Quando preparados de acordo com as instruções do fabricante, todos os tipos de polímeros para base de dentadura devem produzir uma placa de amostra com bordas especificadas após a demuflagem. A cor de uma barra de amostra deve ser a declarada pelo fabricante, quando submetida ao ensaio de acordo com 8.3 e inspecionada de acordo com 8.1.1. O fabricante deve fornecer um guia de tonalidades, quando pedido.

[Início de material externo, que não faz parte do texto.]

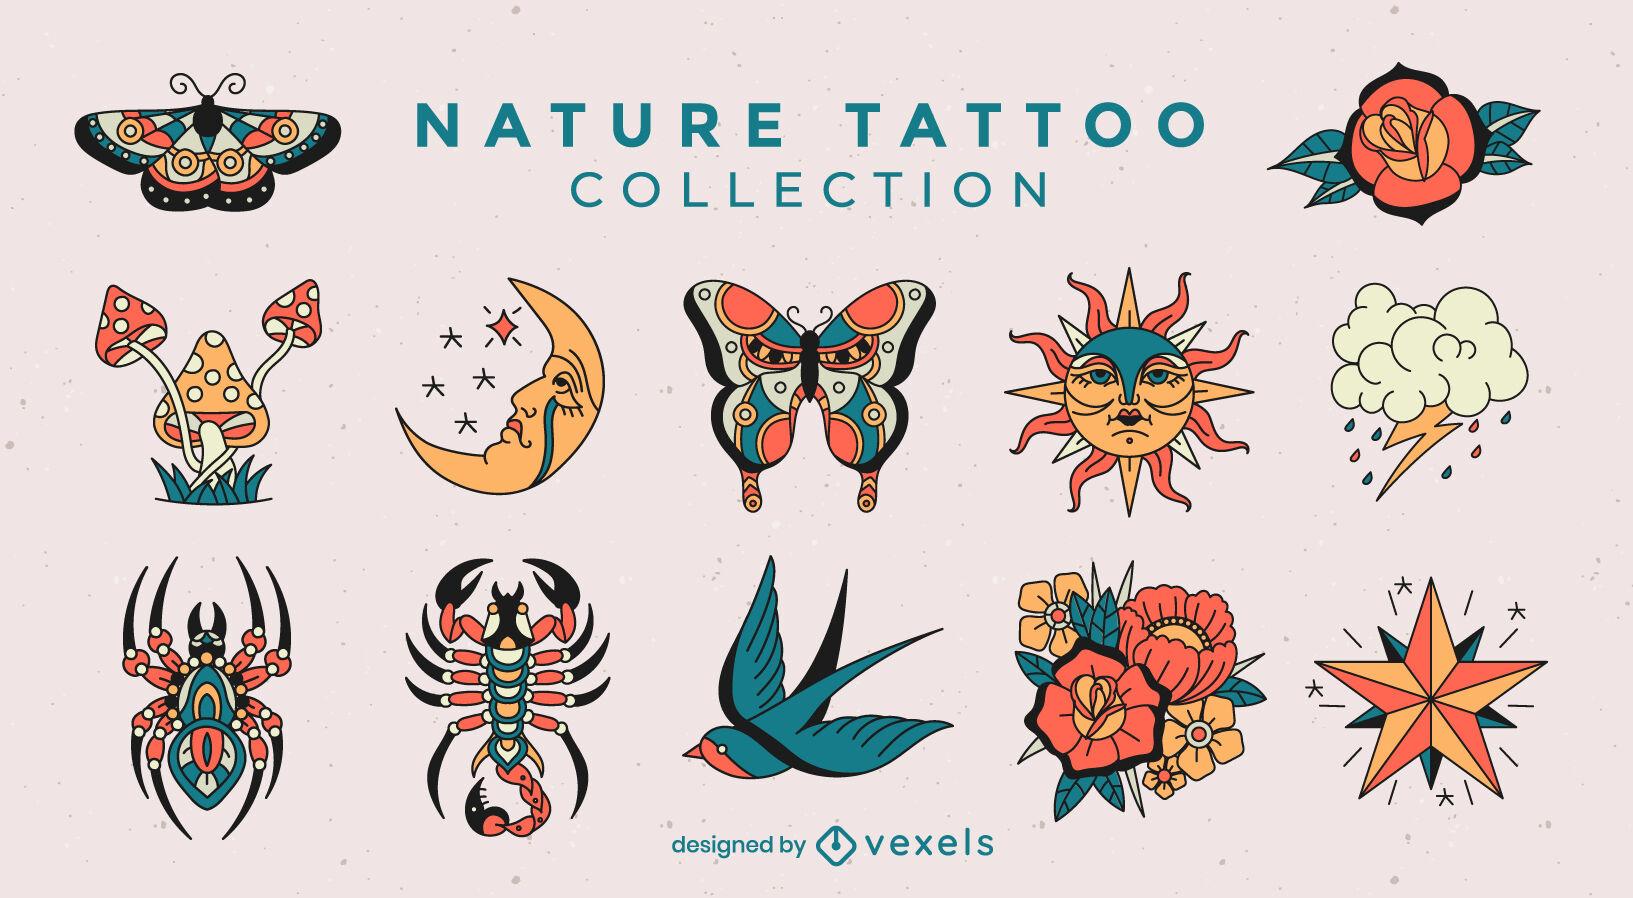 Naturelemente im Tattoo-Stil

Os polímeros coloridos para base de dentadura devem ser translúcidos e os pigmentos e fibras devem estar distribuídos uniformemente. Os polímeros claros (transparentes) para base de dentadura devem ser claros e incolores. Quando submetidos ao ensaio de acordo com 8.4 e inspecionados de acordo com 8.1.1, as amostras não podem apresentar mais do que uma discreta alteração de cor.

Quando submetido ao ensaio de acordo com 8.5.2.3, a sombra do disco opaco iluminado deve ser visível a partir do lado oposto da placa da amostra. Quando preparado de acordo com 8.5.3.3, as barras de uma amostra não podem apresentar poros que possam ser observados por inspeção visual. Quando determinado de acordo com 8.5.3.5, a resistência máxima à flexão não pode ser menor que 65 MPa para os polímeros Tipo 1, Tipo 3, Tipo 4, e Tipo 5 nem menor que 60 MPa para polímeros Tipo 2.

Quando determinado de acordo com 8.5.3.5, o módulo de flexão do polímero processado deve ser de no mínimo 2 000 MPa para polímeros Tipo 1, Tipo 3, Tipo 4, e Tipo 5 e pelo menos 1 500 MPa para polímeros Tipo 2. O material deve ser fornecido em recipientes adequadamente vedados, feitos de materiais que não contaminem nem permitam contaminação do conteúdo. Os recipientes devem ser embalados de modo que evitem danos ou vazamento durante o trânsito e armazenamento.

O líquido deve ser contido em um frasco de cor escura ou em recipiente opaco. Uma embalagem externa pode ser usada para entregar um ou mais recipientes imediatos para comércio varejista. Cada embalagem externa deve estar claramente marcada com as seguintes informações: nome comercial ou da marca do material; nome e endereço do fabricante e/ou agente de venda no país; tipo, classe e cor do material e sua aplicação apresentados em linguagem clara; termo “Data de validade” (ano e mês) expresso de acordo com a ISO 8601; condições recomendadas de armazenamento; especificação dos conteúdos, incluindo número, massa e/ou volume de cada item; declarações de segurança sobre a inflamabilidade e ponto de inflamação do líquido (quando for aplicável); declarações de segurança com relação às características tóxicas, perigosas ou irritantes; identificação de quaisquer ingredientes farmacologicamente ativos presentes no material e referidos nas informações e instruções do produto fornecidas pelo fabricante; referência de lote do fabricante.

As instruções necessárias para o uso seguro e efetivo do material devem ser incluídas em cada embalagem individual. Todos os métodos de processamento descritos nas instruções do fabricante devem resultar em um polímero de base de dentadura que atenda aos requisitos formulados nesta parte.

No mínimo devem incluir (conforme aplicável) as seguintes informações: condições de armazenamento recomendadas para material não processado; precauções contra contato prolongado da pele com o gel ou líquido não polimerizado e contra inalação do monômero; se aplicável, proporção pó/líquido (massa por volume unitário ou fração de massa); se aplicável, tempo, temperatura e procedimentos para preparar o material para a embalagem; se aplicável, tempo pelo qual o acondicionamento pode ser efetivamente conduzido: tempo de acondicionamento inicial e tempo de acondicionamento final; equipamentos e material necessários para preparar o molde (por exemplo, tipo de frasco, gesso, sistema de revestimento e duplicador a base de hidrocoloide); meio de separação recomendado; temperatura do frasco durante o acondicionamento; procedimento detalhado para ativar e completar a polimerização do material; tratamento pós-processamento do material processado (resfriamento e armazenamento após demuflagem); qualquer tratamento especial necessário para obter adesão aos dentes de polímero sintético; teor de monômero residual máximo (fração de massa percentual), quando submetido ao ensaio de acordo com 8.8; se um teor de monômero residual for declarado menor que 1 % de fração de massa, o processo de cura necessário para alcançar este resultado deve ser dado.